* _Task requirements_
From the line containing "Barbeque Charcoals" to the last line of the data below, copy everything exactly and nothing else; pictures stay out.

* _Data excerpt_
========================================================================
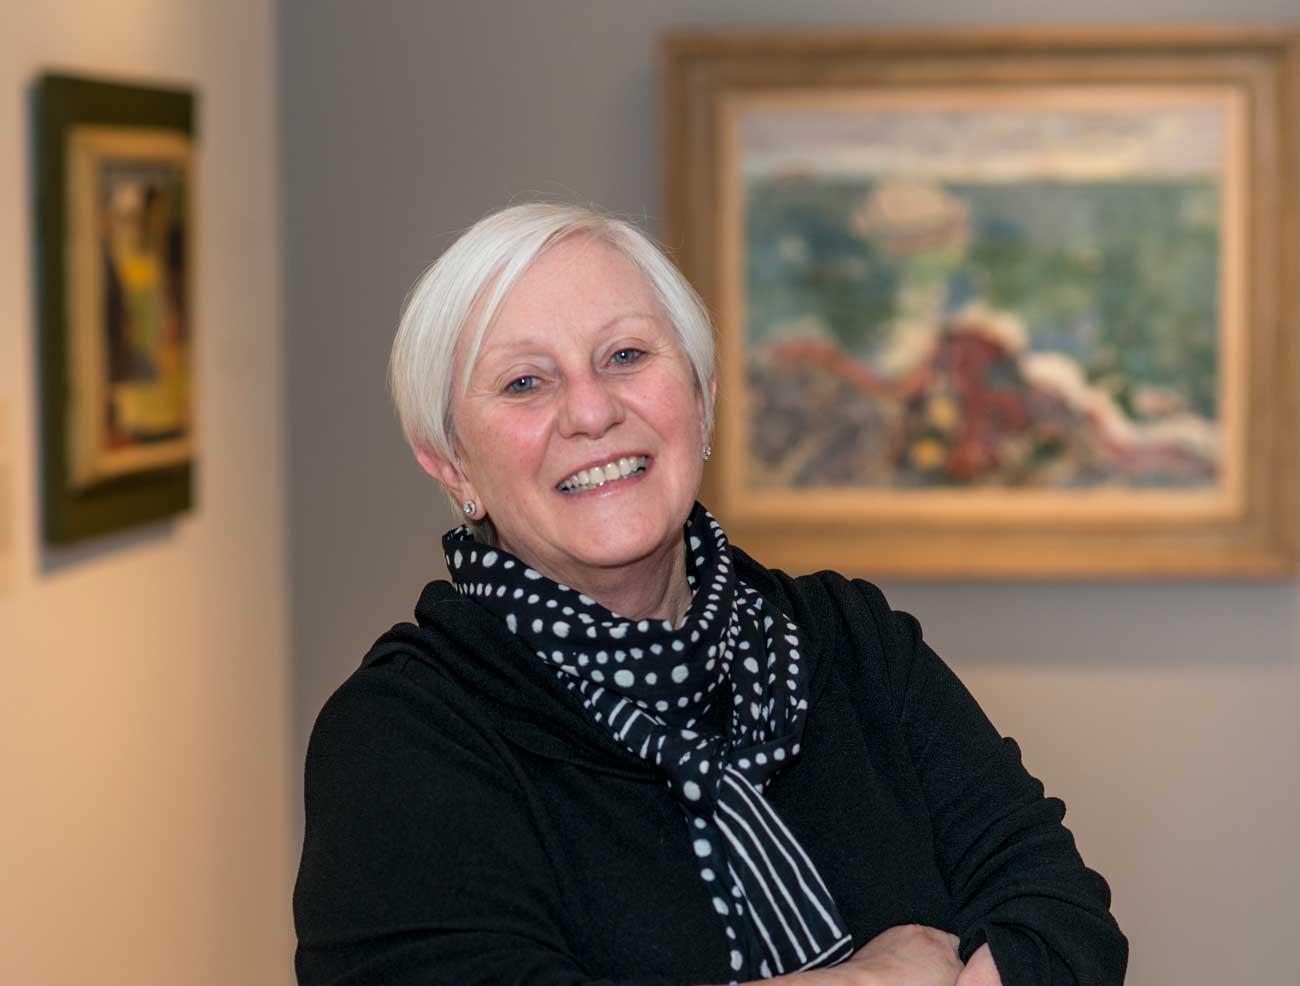 Marilyn Laufer, JCSM Director
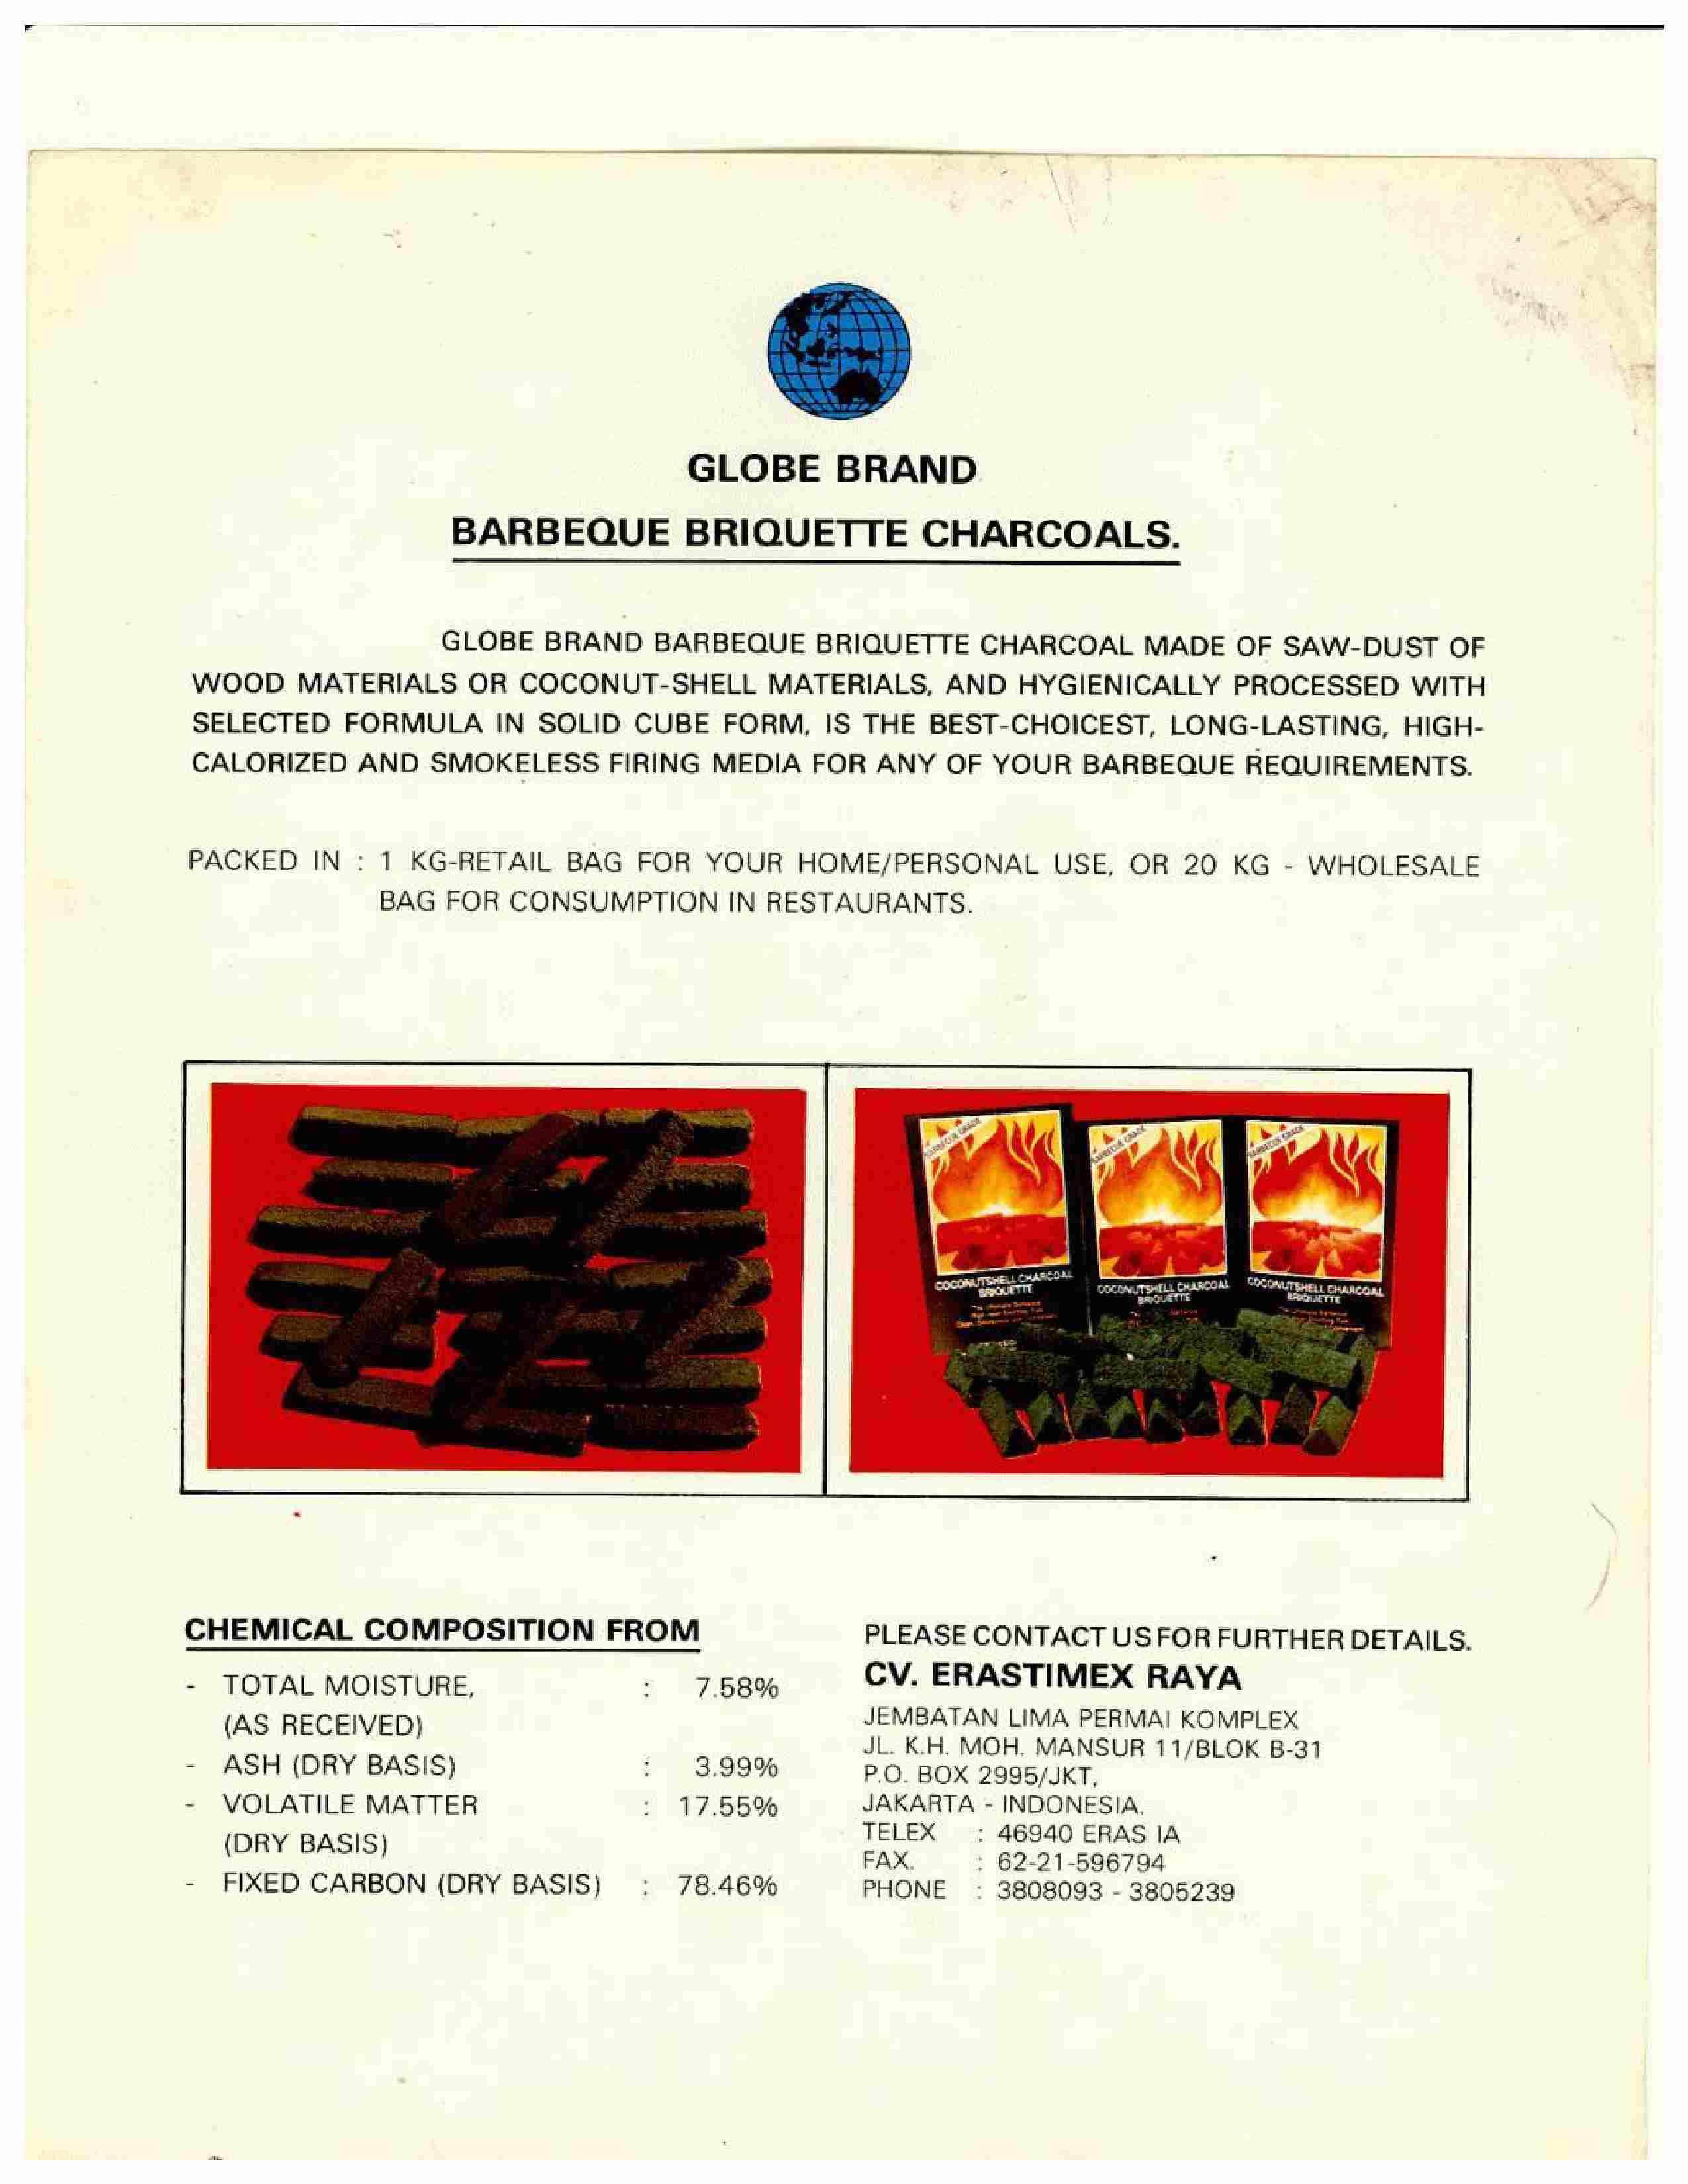 Barbeque Charcoals
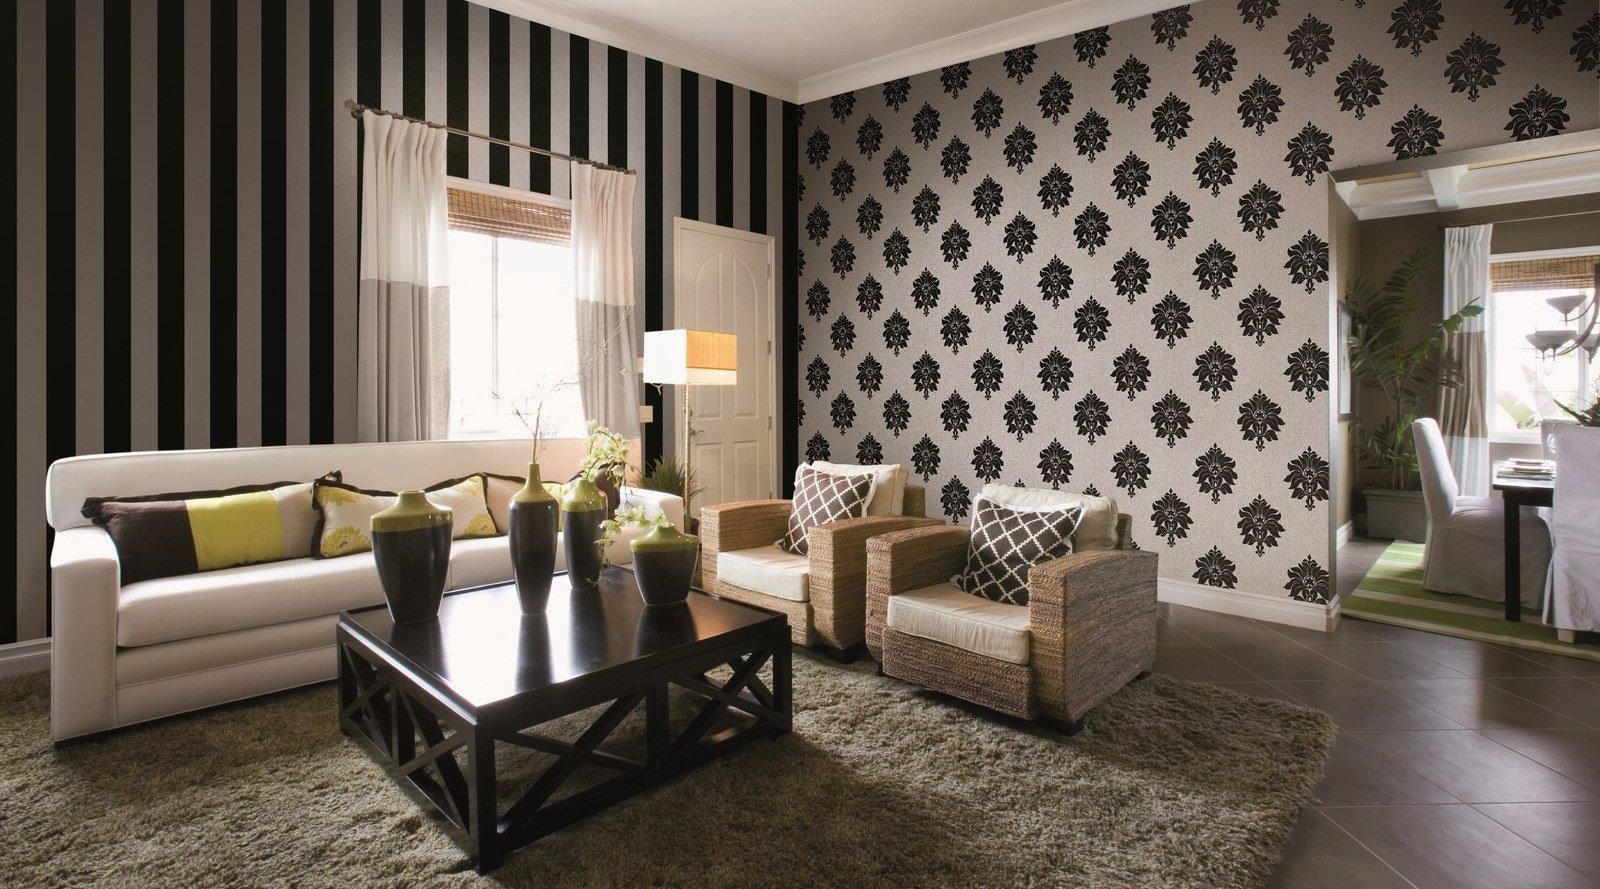 Комбинирование обоев в гостиной (25 фото идеи сочетания) 26
========================================================================
* _Exercise output_
 Barbeque Charcoals
 Комбинирование обоев в гостиной (25 фото идеи сочетания) 26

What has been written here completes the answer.